ITパスポート過去問 令和4年度(2022年)問32
コンカレントエンジニアリングを適用した後の業務の流れを表した図として,最も適したものはどれか。ここで,図の中の矢印は業務の流れを示し,その上に各作業名を記述する。

選択肢
- ア
- イ
- ウ
- エ
正解と解き方・学習ポイント(AI解説)
コンカレントエンジニアリングは、仕様、製作図、工程図、製作などの工程を、前の工程が完了してから次へ進むのではなく、時間的に重ねて並行に進める考え方です。「エ」の図は、各工程の開始時期がずれていて、工程同士が重なりながら進んでいます。これは、工程を並行に進めることを示しているため、コンカレントエンジニアリングを適用した後の流れとして最も適しています。
Point
この問題は、コンカレントエンジニアリングの特徴が工程の同時並行であることと、図の矢印の重なりから並行実施の有無を読み取れるかを問うています。
解くために必要な知識
この問題を解くには、コンカレントエンジニアリングが工程を並行して進める考え方であることと、図での表現(矢印の重なり方)の読み取りが必要です。
用語の整理
| 用語名 | 意味 |
|---|---|
| コンカレントエンジニアリング | 仕様検討、設計、工程設計、製造準備などを可能な範囲で並行して進め、開発期間の短縮などを目的とする手法です。 |
問題文中の作業名
| 作業名 | 内容 |
|---|---|
| 仕様 | 要求・条件・機能などを定める作業です。 |
| 製作図 | 製作(製造)に必要な図面を作成する作業です。 |
| 工程図 | 作業手順や工程の流れを設計し、図として表す作業です。 |
| 製作 | 図面や工程に基づいて実物を作る作業です。 |
図表での表現のポイント
並行実施
- 複数の作業が同じ期間に進むため、矢印が上下に並び、時間方向に重なります。
順次実施
- 前の作業が完了してから次の作業に移るため、矢印が1本の直線上で端から端へ並びます。
問題の解法手順
この問題は、作業が並行して進んでいるかを図から判断します。
図表の読み取り
矢印の意味
- 矢印1本が1つの作業(仕様、製作図、工程図、製作)の実施期間を表します。
並行実施の見分け方
- 作業の矢印が時間方向に重なって配置されていれば、作業が並行して進んでいることを表します。
順次実施の見分け方
- 作業が一直線に並び、前の作業の終了後に次の作業が始まる形なら、順番に進める流れを表します。
解く手順
-
コンカレントエンジニアリングは、工程を並行して進める手法であることを確認します。
-
各図について、仕様、製作図、工程図、製作の矢印が時間方向に重なっているかを確認します。
-
複数工程が重なって進む図を選びます。
選択肢ごとの解説
- ア:不正解
工程が一直線に並び、仕様、製作図、工程図、製作の順に完了してから次へ進む形です。

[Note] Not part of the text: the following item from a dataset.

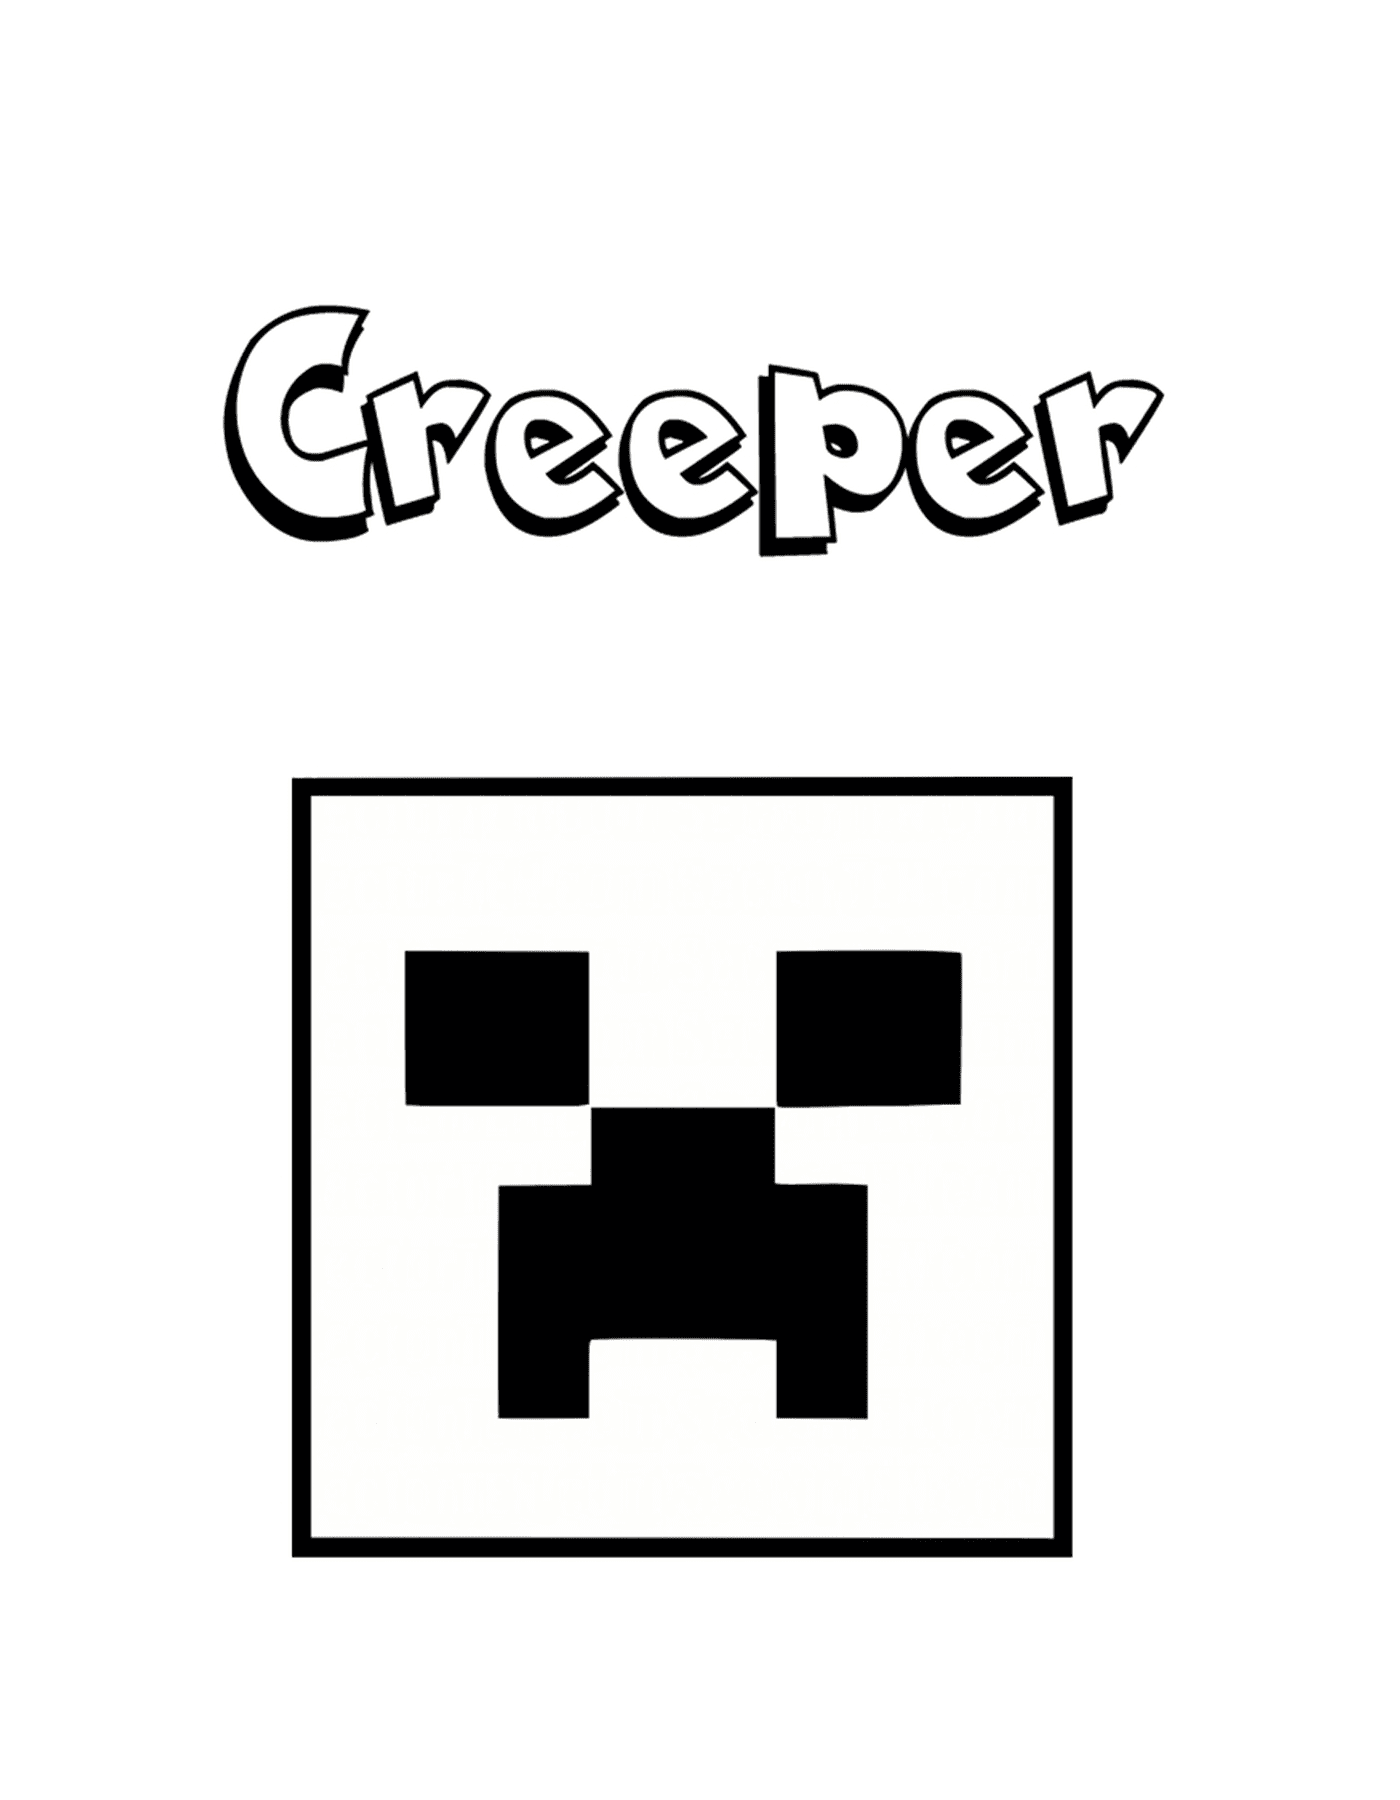  Creeper's iconic face 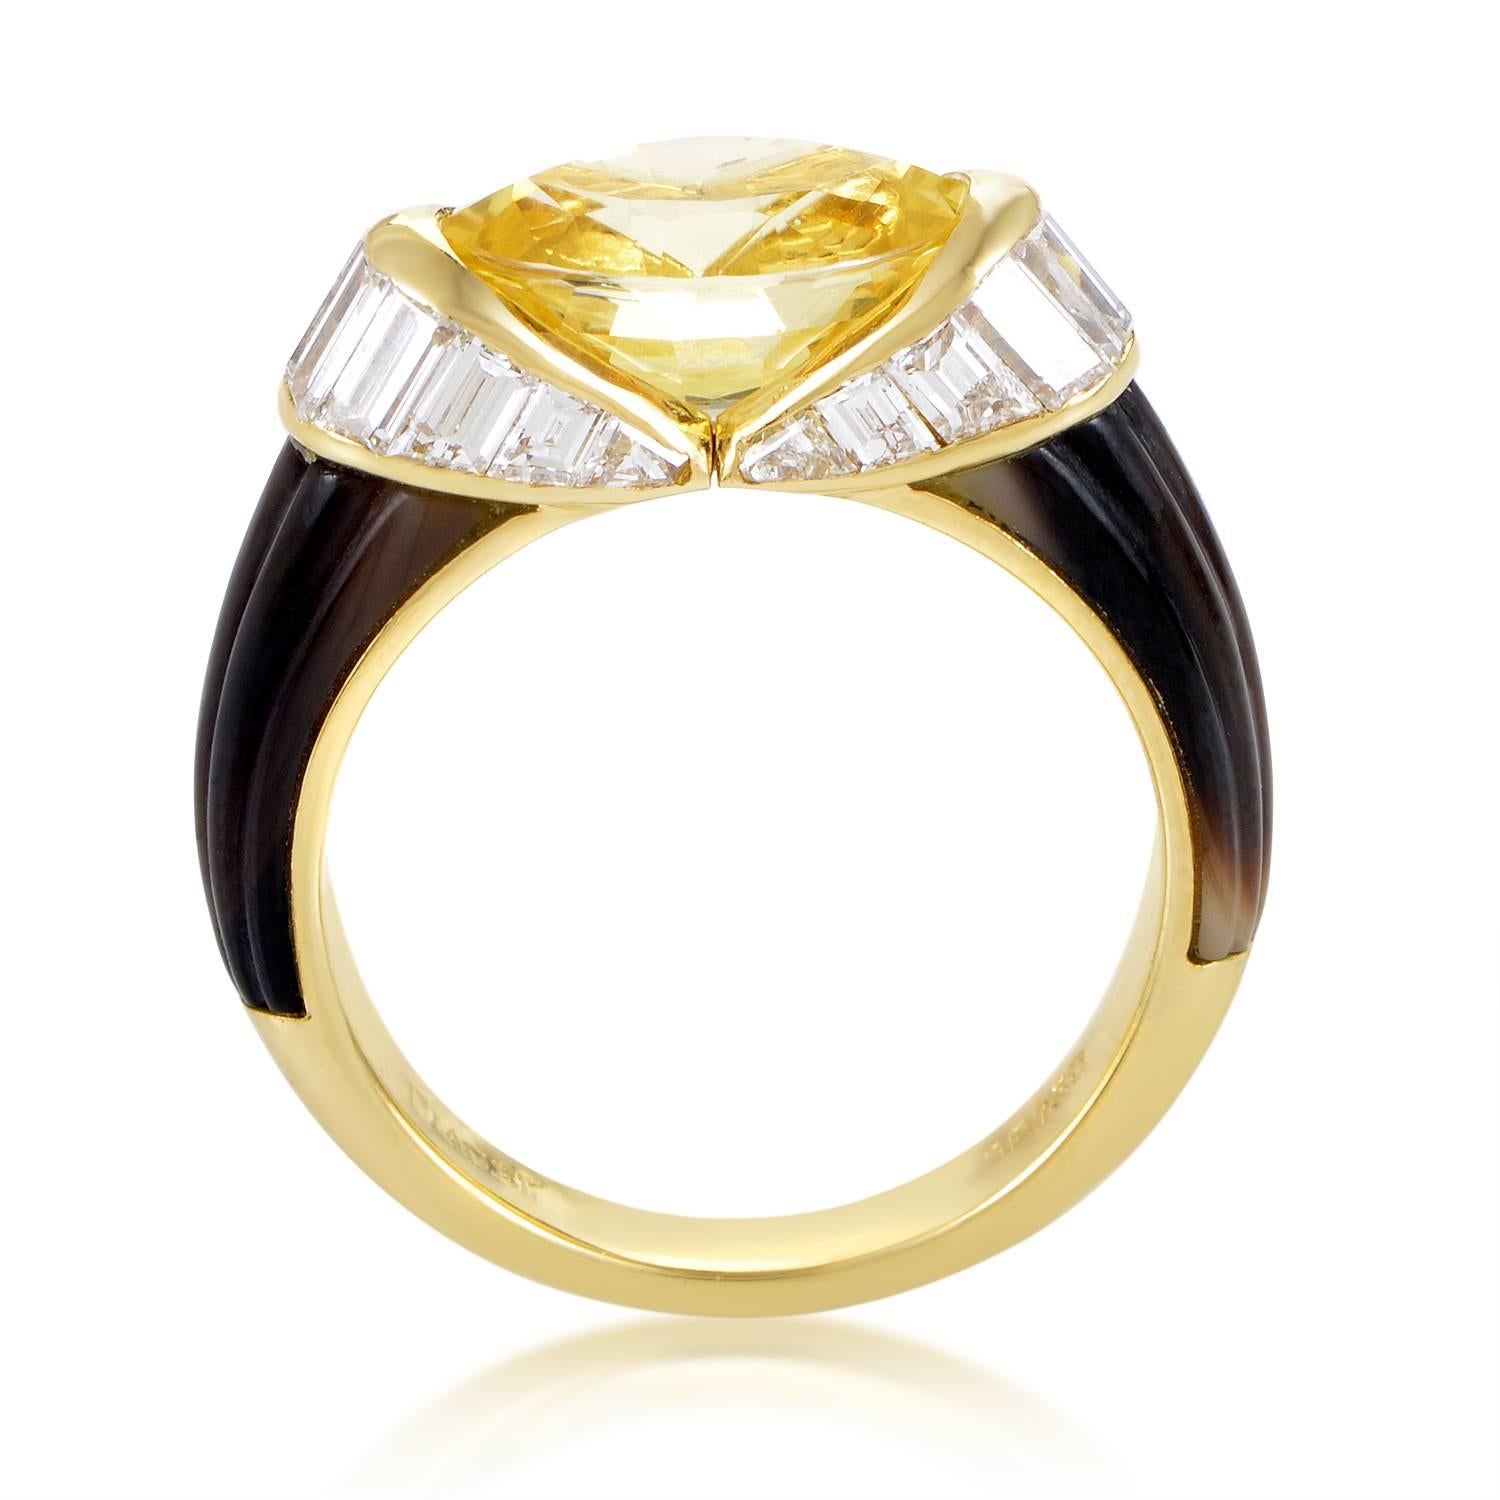 This gorgeous ring from Piaget is without comparison! The ring is made of 18K yellow gold and boasts shanks accented with mother of pearl. Lastly, a 1.25ct diamond baguette

工程を重ねて進めていないため、コンカレントエンジニアリングの図としては適しません。
- イ:不正解
基本は順番に進みますが、工程図から製作図へ戻る矢印があり、後工程で修正が発生して前工程へ戻る流れを示しています。工程を同時並行で進める図ではありません。
- ウ:不正解
仕様、製作図、工程図、製作が直列で、最後から最初へ戻る矢印があり、全体を繰り返す流れを強調しています。工程の並行実施を表していません。
- エ:正解
仕様の途中から製作図、工程図、製作が時間方向に重なって進む配置です。工程を可能な範囲で並行して進めるコンカレントエンジニアリングの特徴を表しています。
まとめ
コンカレントエンジニアリングは、仕様、製作図、工程図、製作などの工程を、前の工程が完了してから次へ進むのではなく、時間的に重ねて並行に進める考え方です。「エ」の図は、各工程の開始時期がずれていて、工程同士が重なりながら進んでいます。これは、工程を並行に進めることを示しているため、コンカレントエンジニアリングを適用した後の流れとして最も適しています。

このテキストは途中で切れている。